Many clients wish to avoid probate because they may have heard advertisements or seminars that have presented information about how challenging probate can be. 

The California Probate Code is the body of law that governs the protection of those who cannot take care of themselves and how their assets are passed upon their death.  This code section exists to protect us when we are weak or vulnerable and provides the rules that govern how our assets are passed and that our final wishes are respected.

The Probate Court is a division of the local County Superior Court.  It is typically one to three courtrooms where issues that fall under this code section are heard by local judges.  Around the Bay Area, there are probate courts in San José, Redwood City, Santa Cruz, San Francisco, Oakland, Martinez, Fairfield, Marin, and Santa Rosa.

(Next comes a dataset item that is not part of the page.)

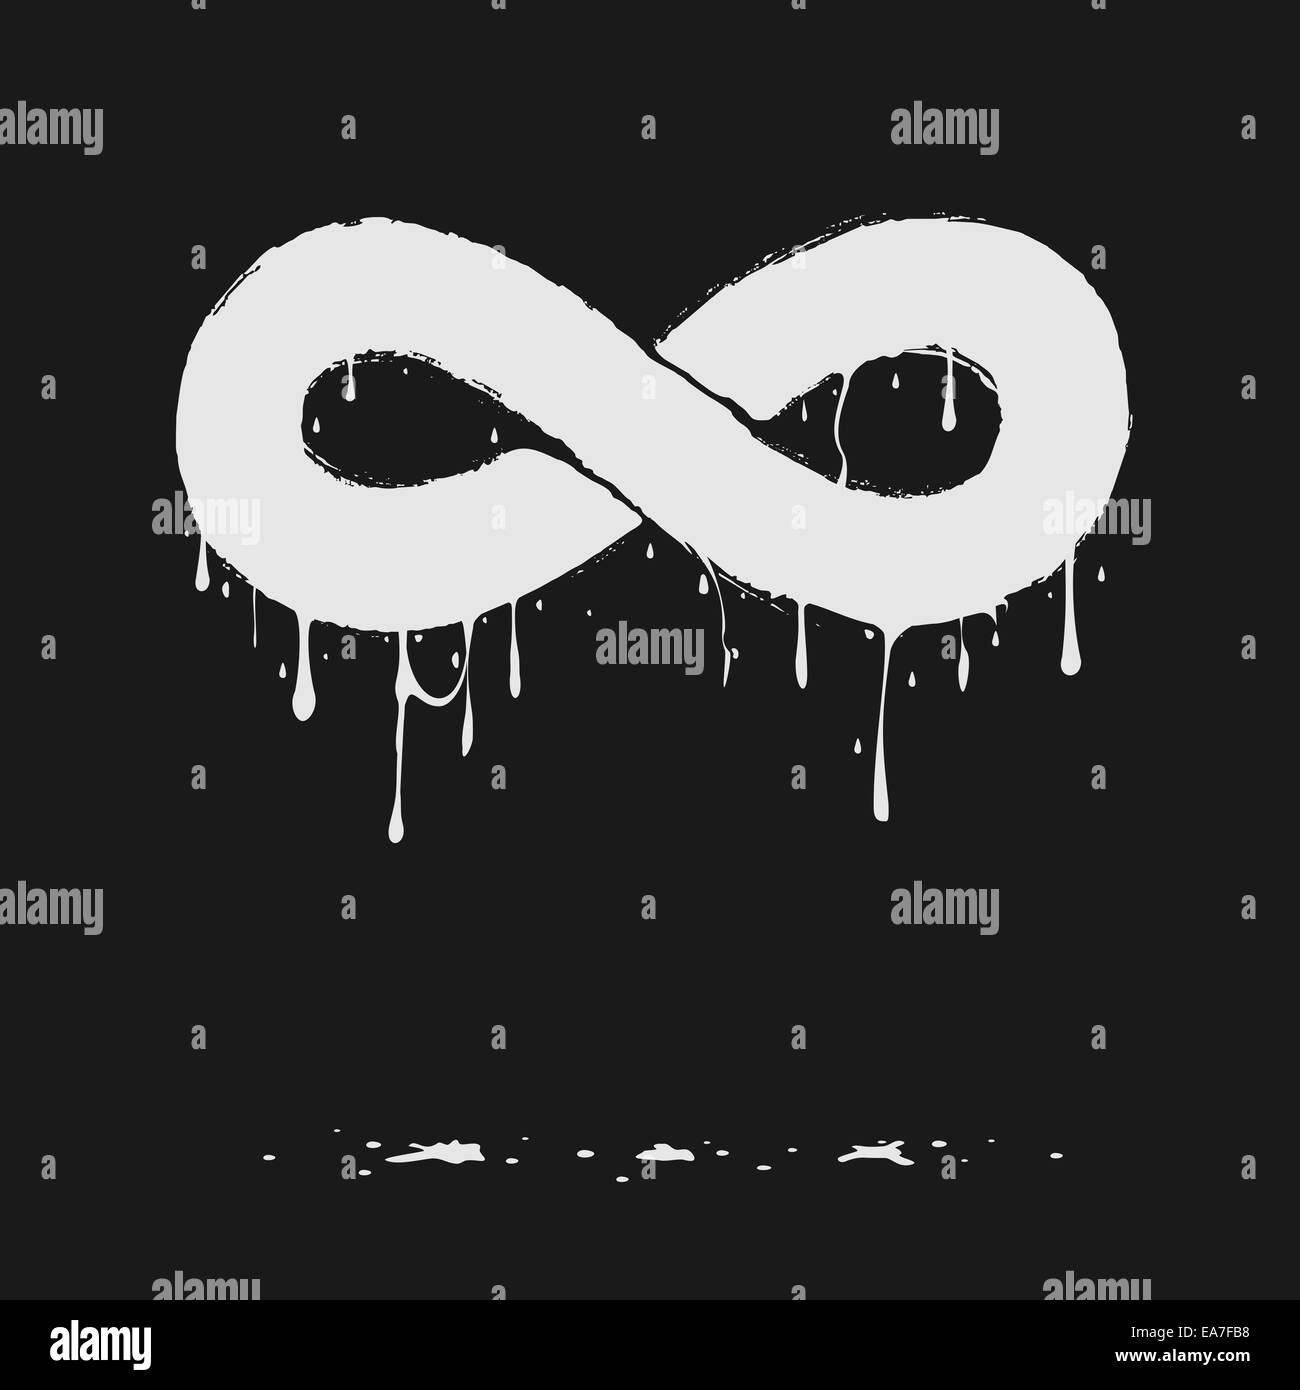 Infinity symbol Stock Photo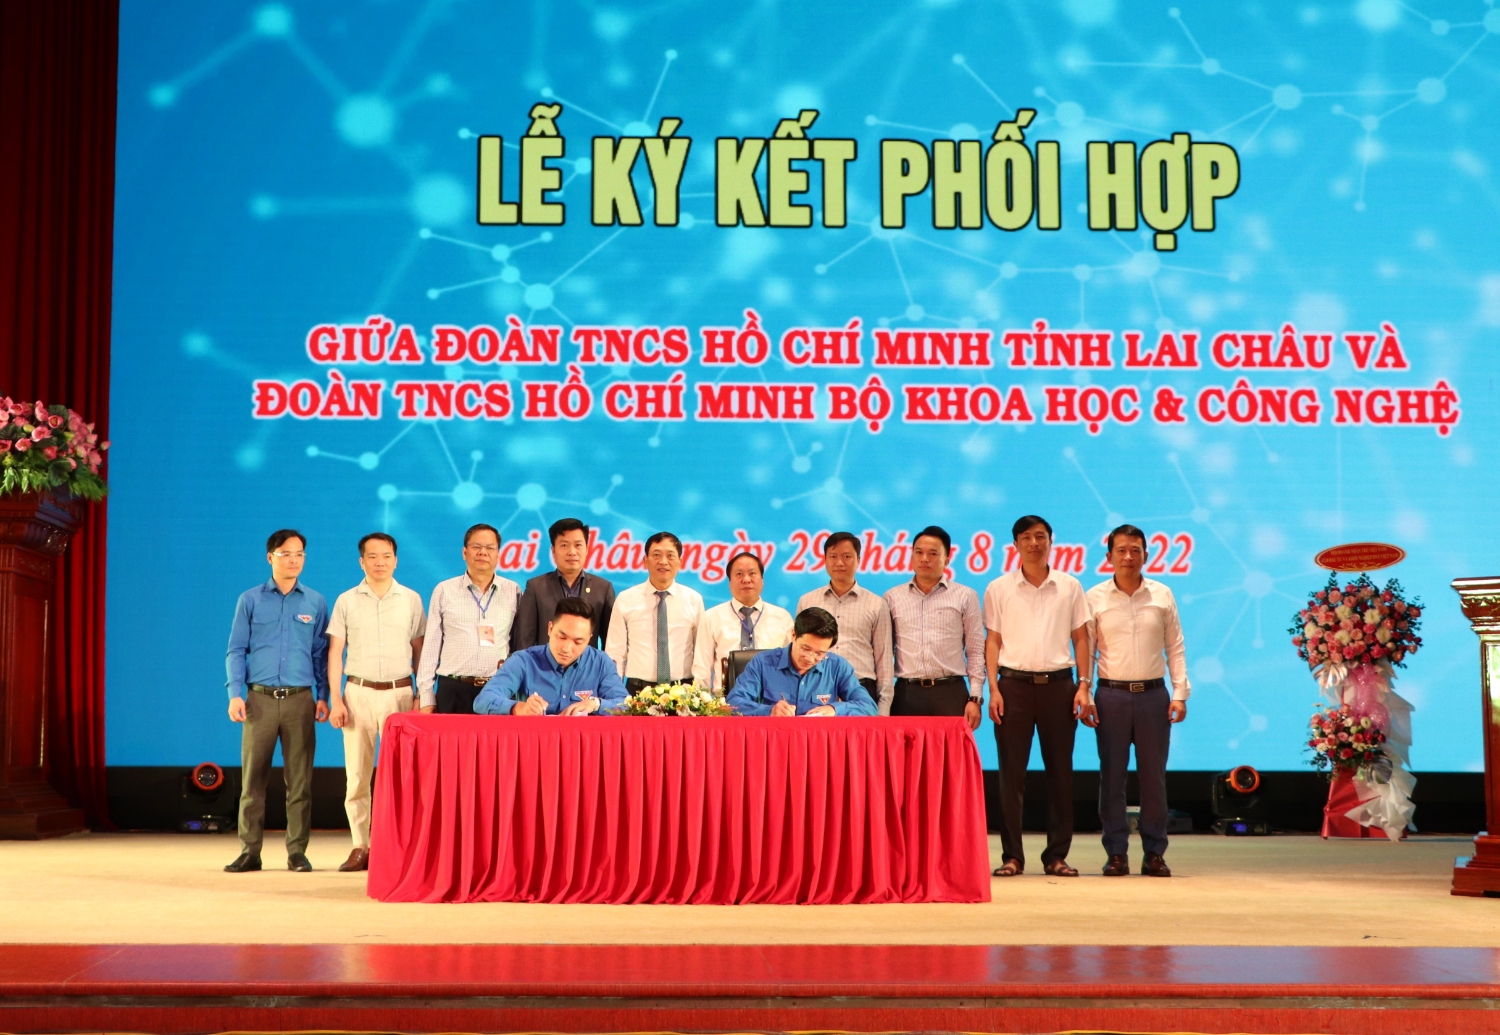 Lãnh đạo Đoàn TNCS Hồ Chí Minh tỉnh Lai Châu và lãnh đạo Đoàn TNCS Hồ Chí Minh Bộ Khoa học và Công nghệ ký kết Chương trình phối hợp giữa hai đơn vị

“Probate” also commonly refers to the court process where a Will is proven as valid or invalid, where claims can be filed against the estate, and is generally understood to mean the court procedure that directs how an estate is administered and settled.  The Executor would direct this process, with the approval of the Court.

If there is no Will, then the “Probate” will mean that someone applies to be the “Administrator” of the estate, and the assets will pass according to the laws that govern what is known as “intestate succession.”

There are many other issues that can be brought before the Probate Court (including whether or not the nominated agent under a Power of Attorney or Advance Health Care Directive have acted properly).  The above is a brief summary of what interactions most people will have with the Probate Court.